Automatic and accurate ligand structure determination guided by cryo-electron microscopy maps

As cryo-EM becomes commonplace in drug discovery, tools for automating small molecule structure determination are needed. Here, authors show a map-guided ligand modeling approach to building ligand structures at resolutions common in cryo-EM. Advances in cryo-electron microscopy (cryoEM) and deep-learning guided protein structure prediction have expedited structural studies of protein complexes. However, methods for accurately determining ligand conformations are lacking. In this manuscript, we develop EMERALD, a tool for automatically determining ligand structures guided by medium-resolution cryoEM density. We show this method is robust at predicting ligands along with surrounding side chains in maps as low as 4.5 angstrom local resolution.

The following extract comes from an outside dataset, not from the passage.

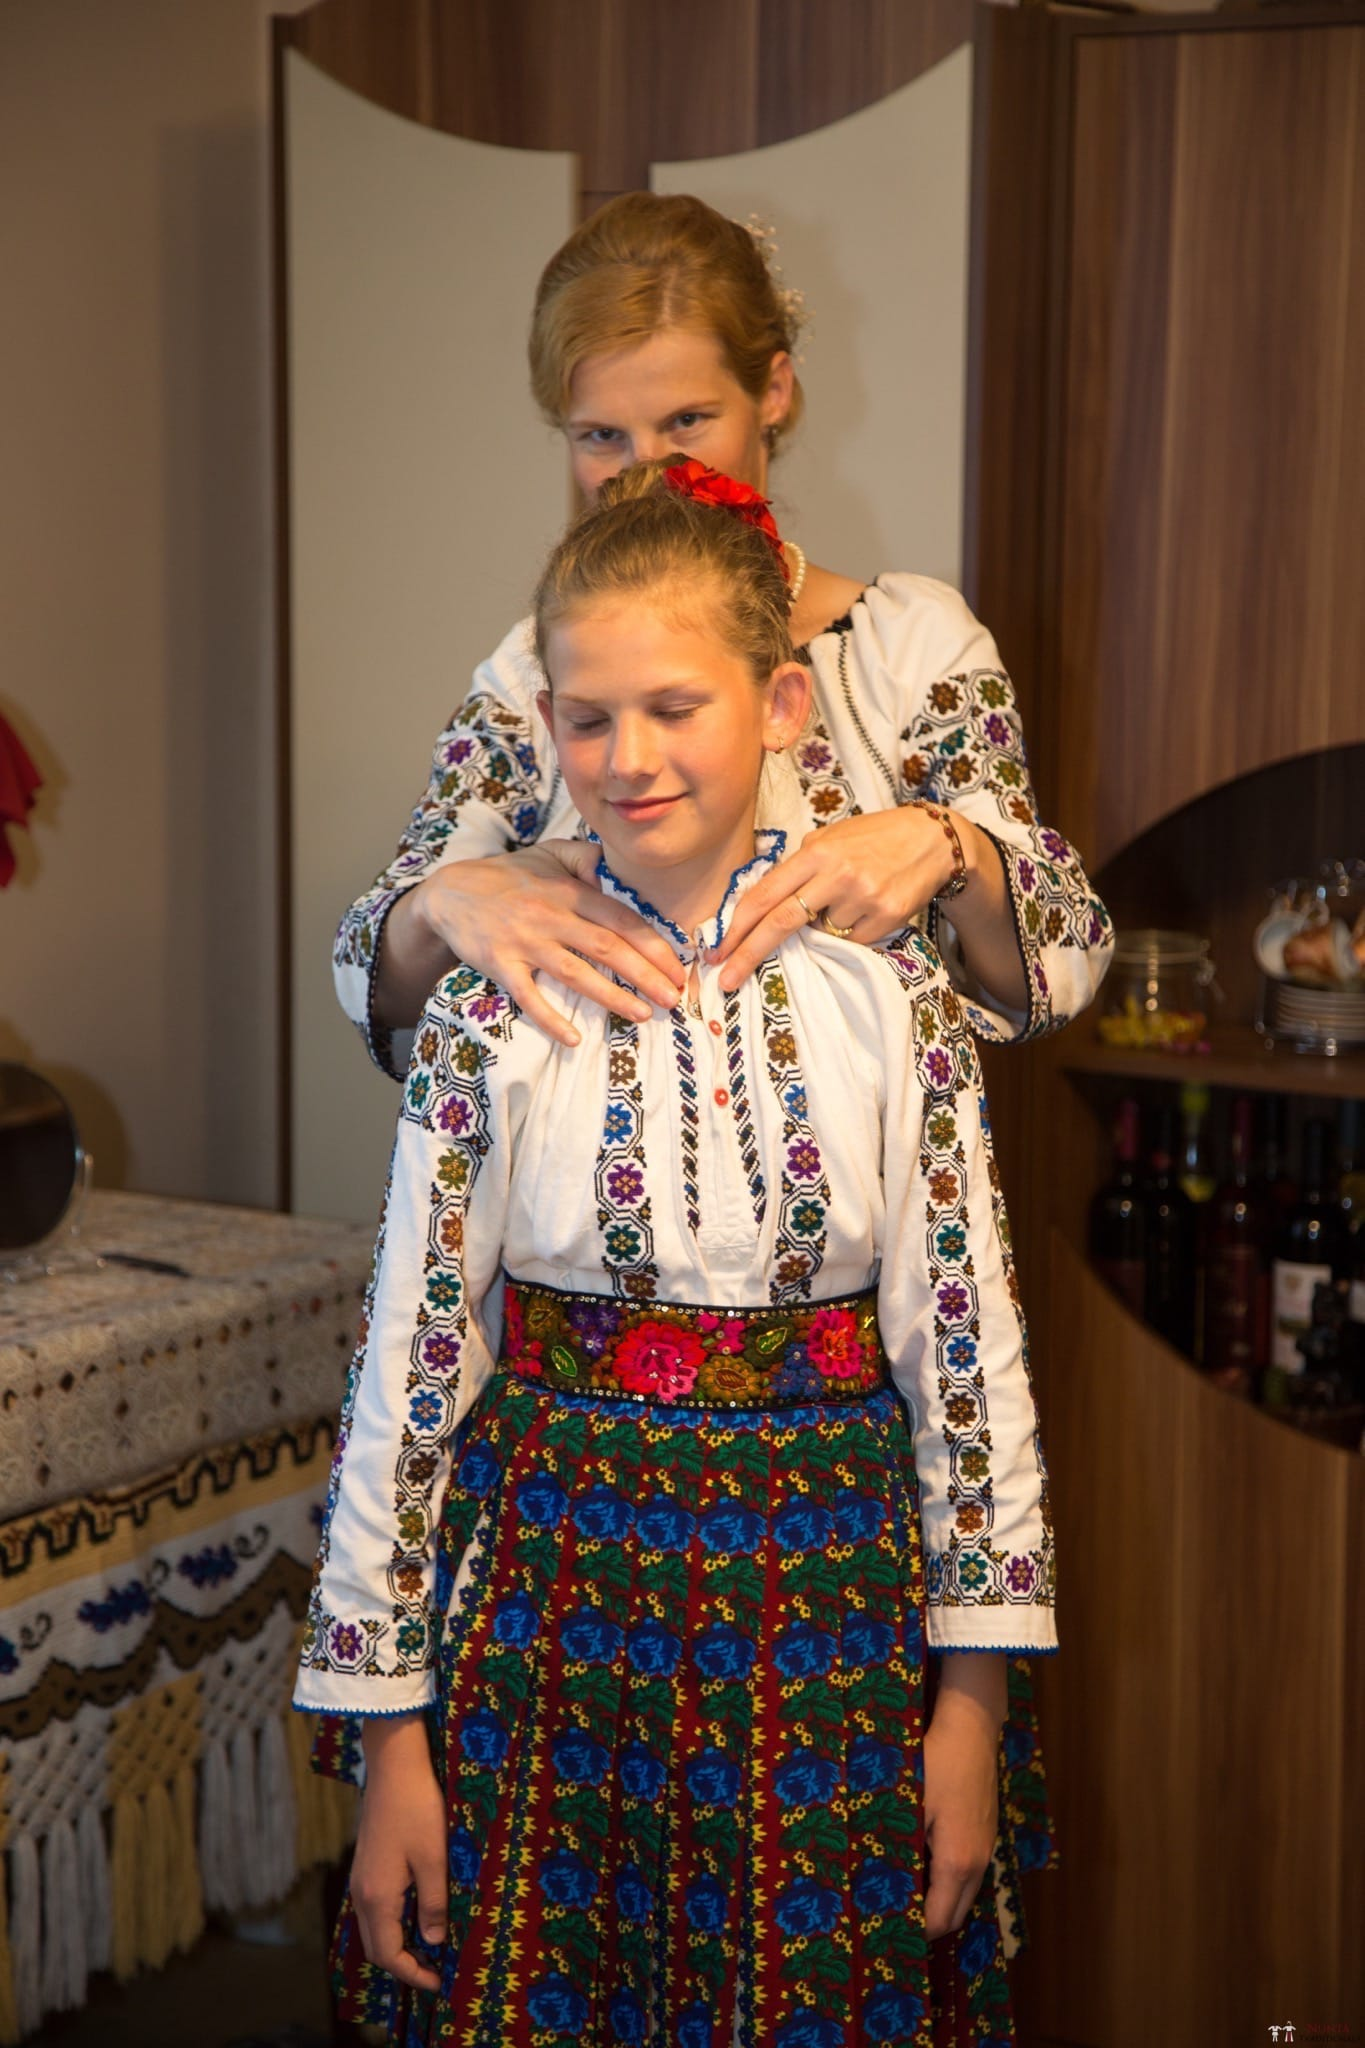 Povești Nunți Tradiționale - Ancuța și Nicu, cununie tradițională în Giulești, Maramureș 3

Combining this with a measure of placement confidence and running on all protein/ligand structures in the EMDB, we show that 57% of ligands replicate the deposited model, 16% confidently find alternate conformations, 22% have ambiguous density where multiple conformations might be present, and 5% are incorrectly placed. For five cases where our approach finds an alternate conformation with high confidence, high-resolution crystal structures validate our placement. EMERALD and the resulting analysis should prove critical in using cryoEM to solve protein-ligand complexes.

Automated summary

As cryo-EM becomes commonplace in drug discovery, tools for automating small molecule structure determination are needed. Here, the authors present a map-guided ligand modeling approach that can build ligand structures at resolutions common in cryo-EM. This method can accurately predict the positions of ligands and surrounding side chains in maps with local resolutions as low as 4.5 angstroms.